§ REQUIREMENT
Set down the final stretch of the data, from the line that holds "adidas holographic trainers" through the last line, both included, with pictures left out.

§ DATASET CONTENT

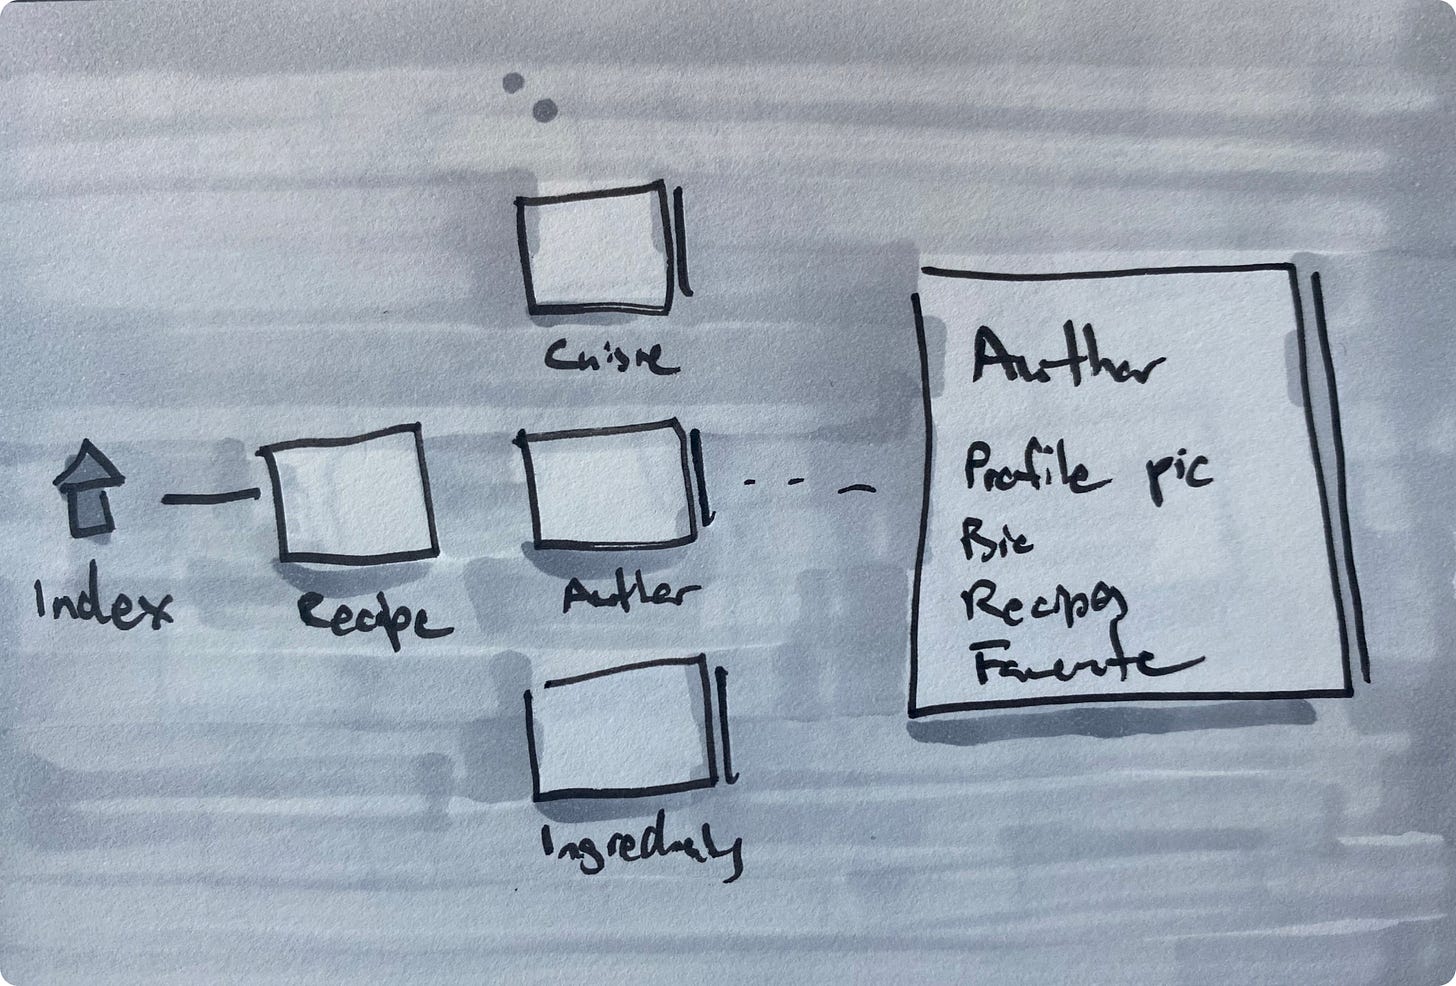 Sketch of content map
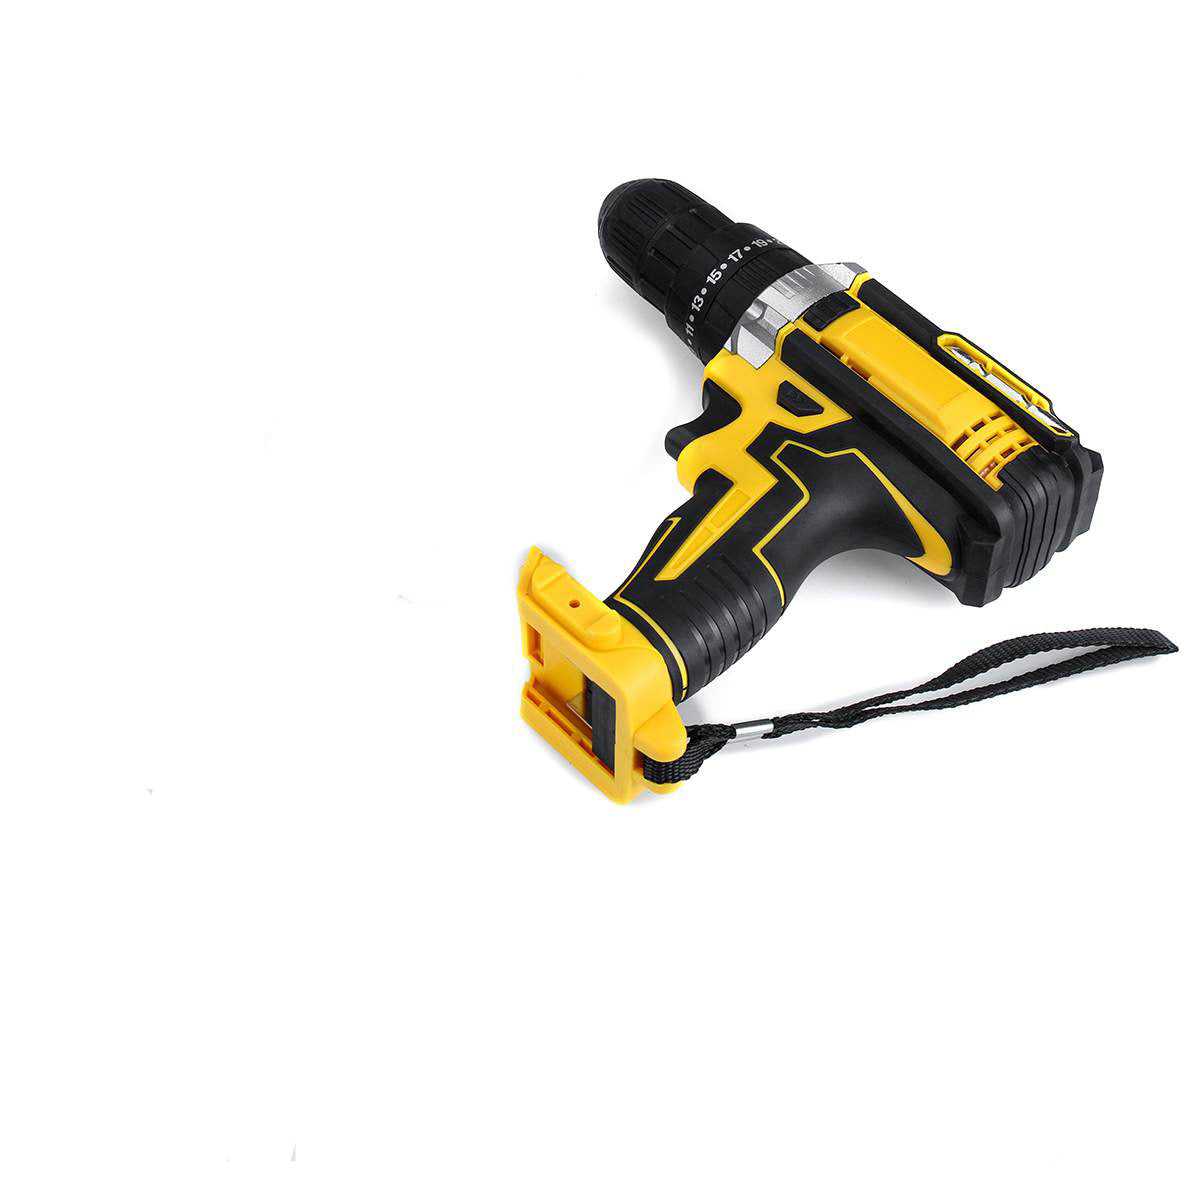 Multifunctional Household Impact Drill
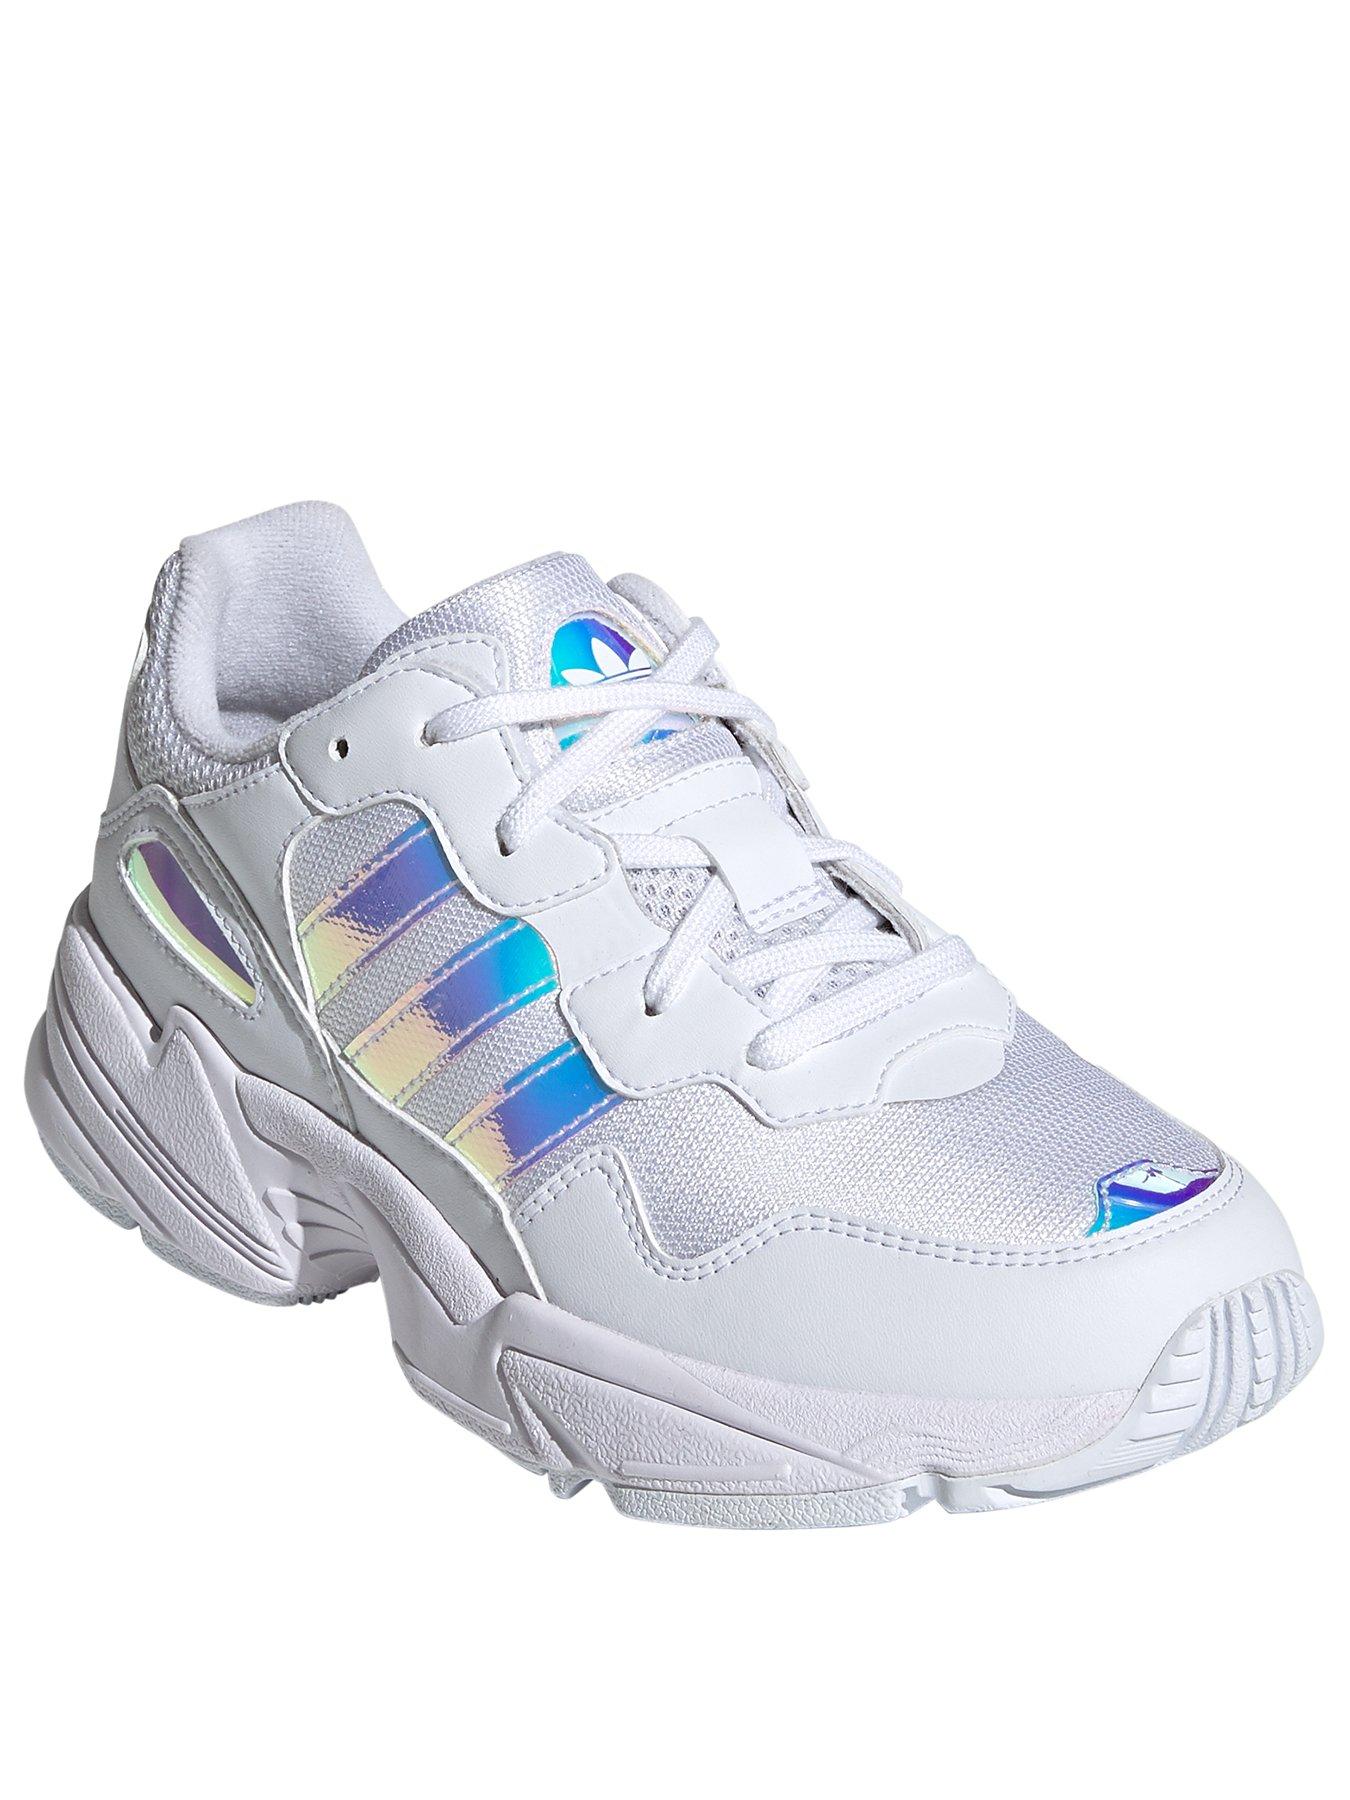 adidas holographic trainers
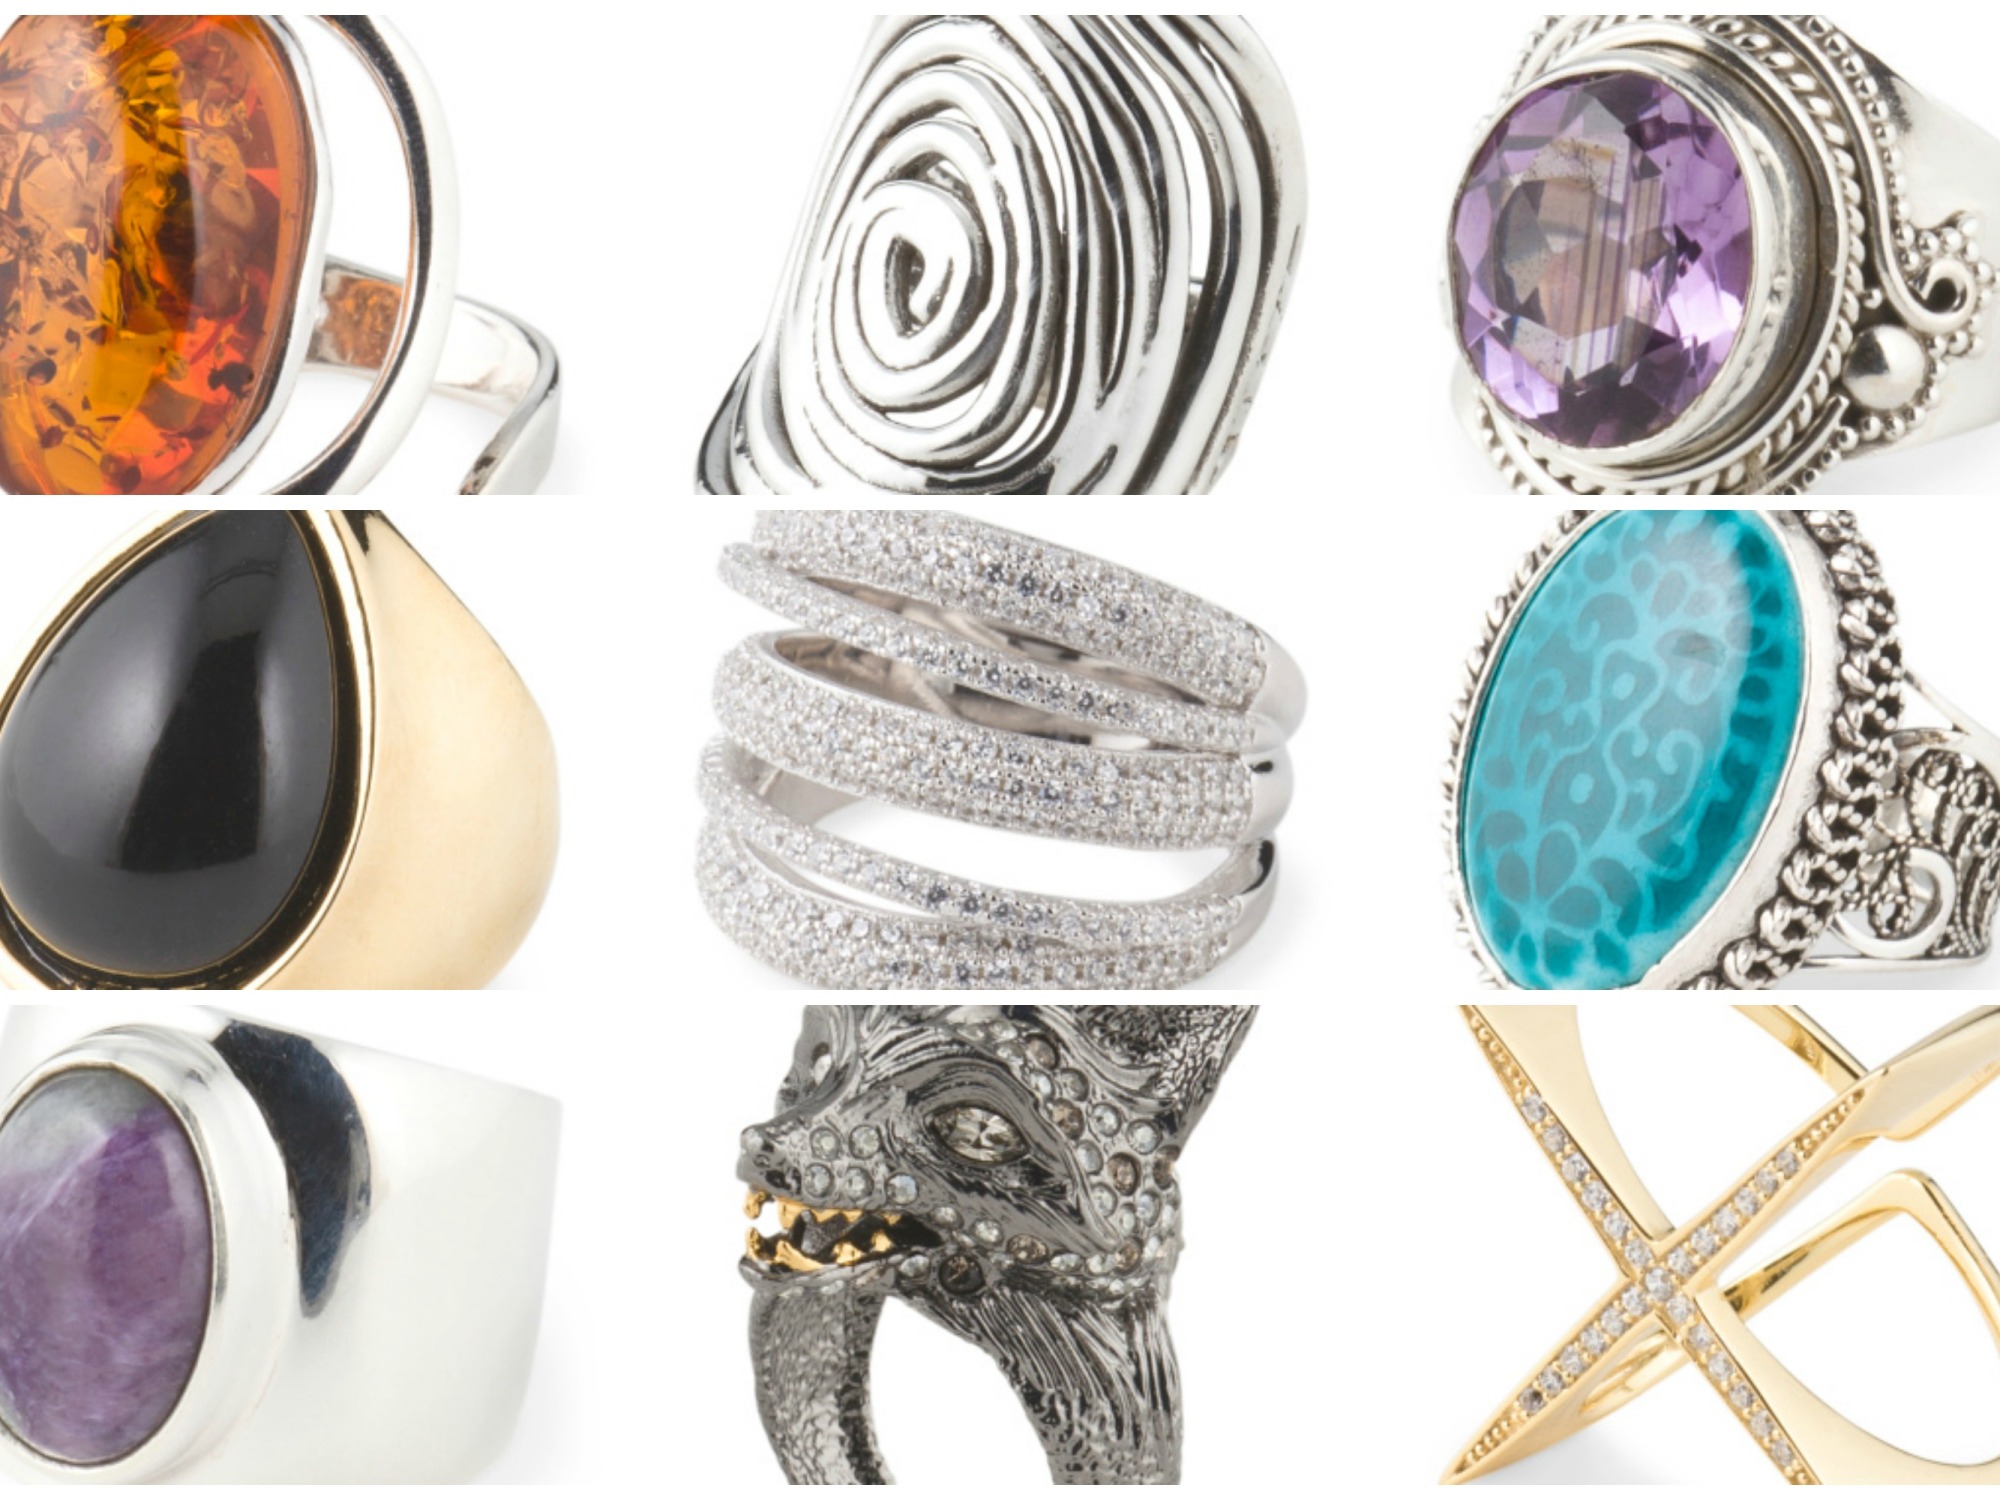 10 tips for shopping for jewelry at T.J. Maxx – Iva Jewel

§ TASK SOLUTION
 adidas holographic trainers
 10 tips for shopping for jewelry at T.J. Maxx – Iva Jewel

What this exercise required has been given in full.